Activity Restrictions

Most patients with small, unrepaired atrial septal defects and repaired ASDs do not need any special precautions and may be able to participate in normal activities without increased risk. After recent surgery or catheter closure, your cardiologist may advise some limits on your physical activity for a short time, even when there is no pulmonary hypertension. After successful healing from surgery or catheter closure, no restrictions are usually needed. The exception is that patients who have developed high pressures in the lungs (pulmonary hypertension; see Eisenmenger’s syndrome) should refrain from high-level sports.

Endocarditis Prevention

This isn’t needed beyond six months after repair either by surgery or device.

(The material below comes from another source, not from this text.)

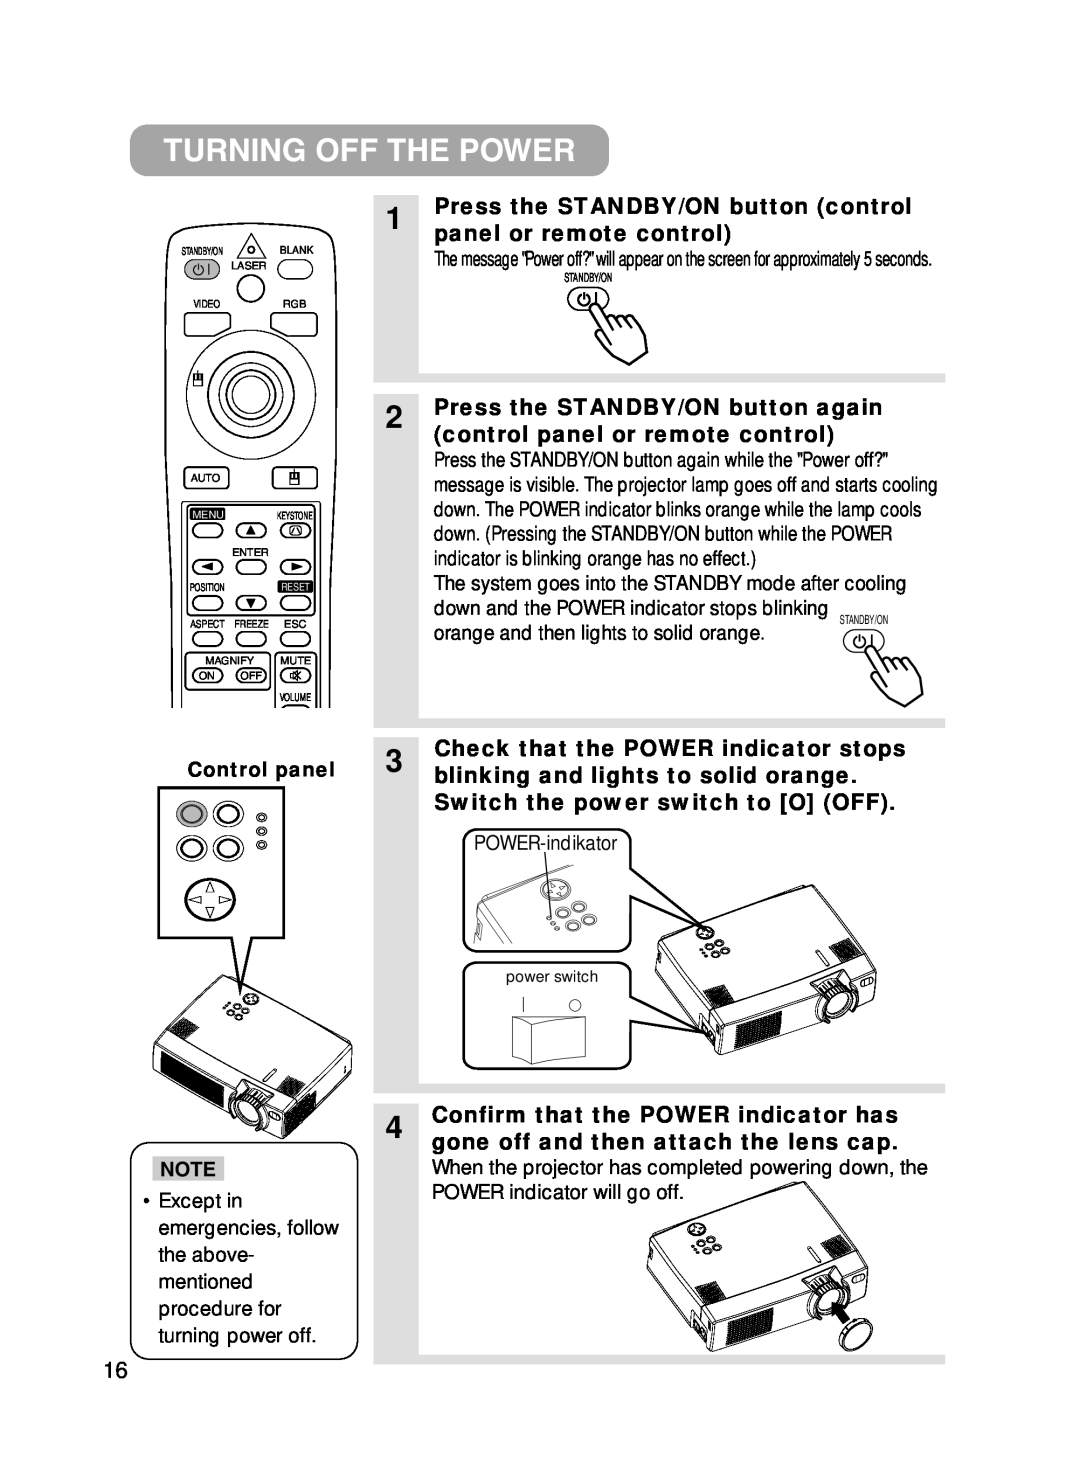 Hitachi CPX385W user manual Turning Off The Power, Press the STANDBY/ON button control, panel or remote control 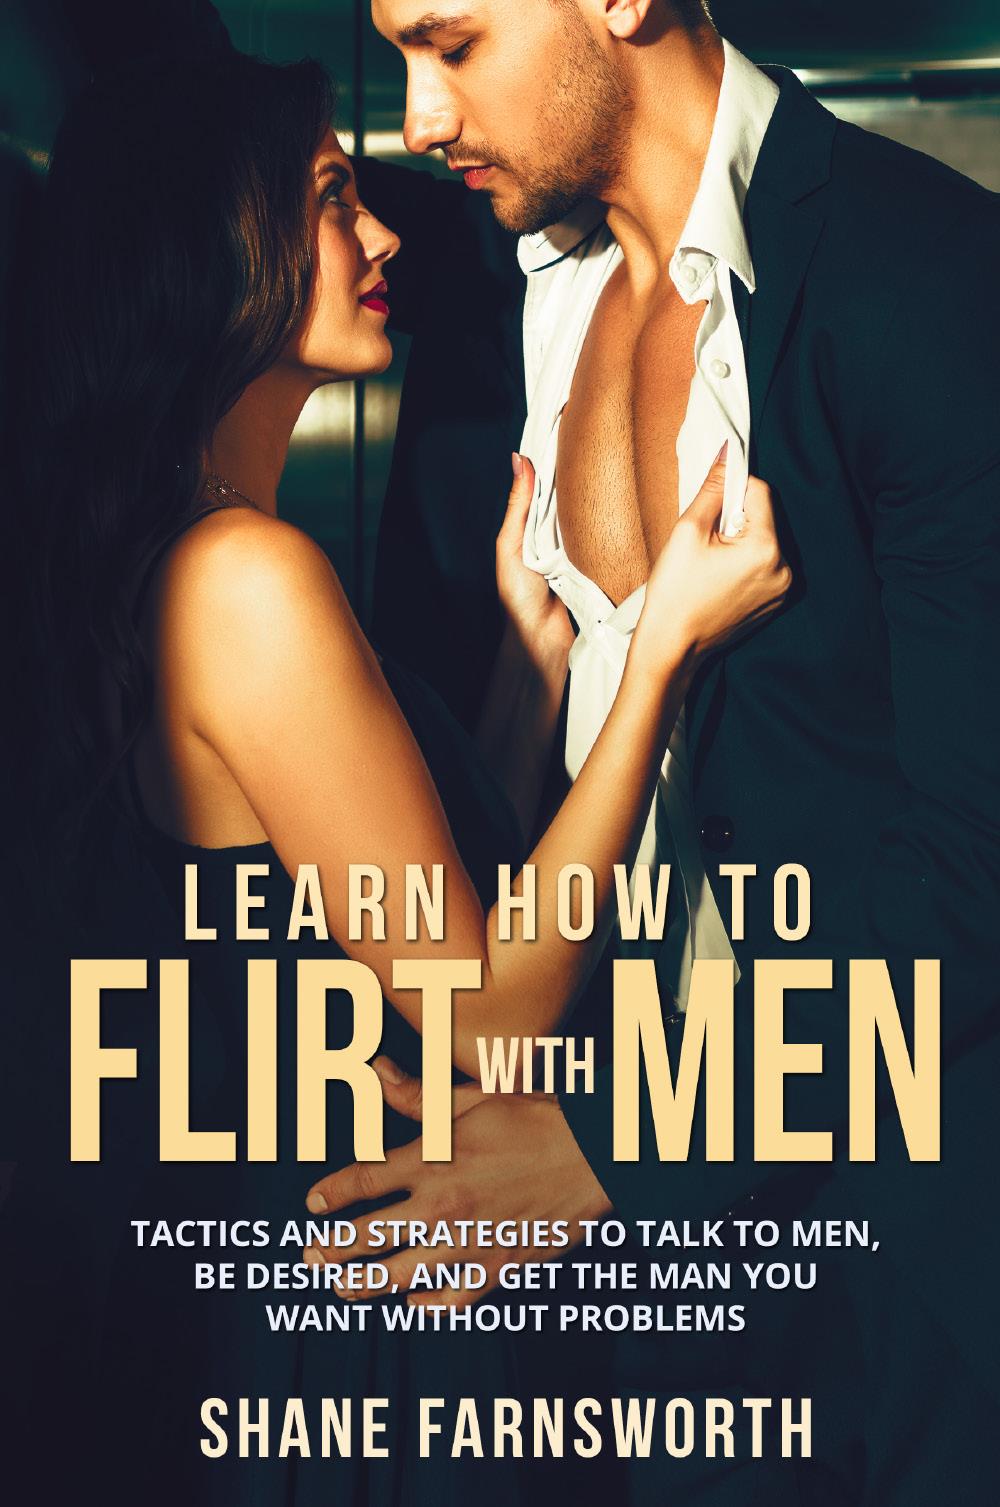 Learn How to flirt with men. Tactics and strategies to talk to men, be desired, and get the man you want without problems

Once the ASD is closed and there’s no leftover opening, the risk with pregnancy is very low. The risk from a pregnancy goes up if there’s an unrepaired ASD but pregnancy is usually safe unless there is pulmonary hypertension. A large unrepaired ASD may sometimes lead to heart failure during pregnancy but this is usually well controlled with medication if caught early. There is a slight risk of stroke during pregnancy, so precautions against blood clots may be recommended.

Will You Need More Surgery?

Once an ASD has been closed, it’s unlikely that more surgery will be needed. Rarely, a patient may have a residual hole. Whether it will need to be closed depends on its size.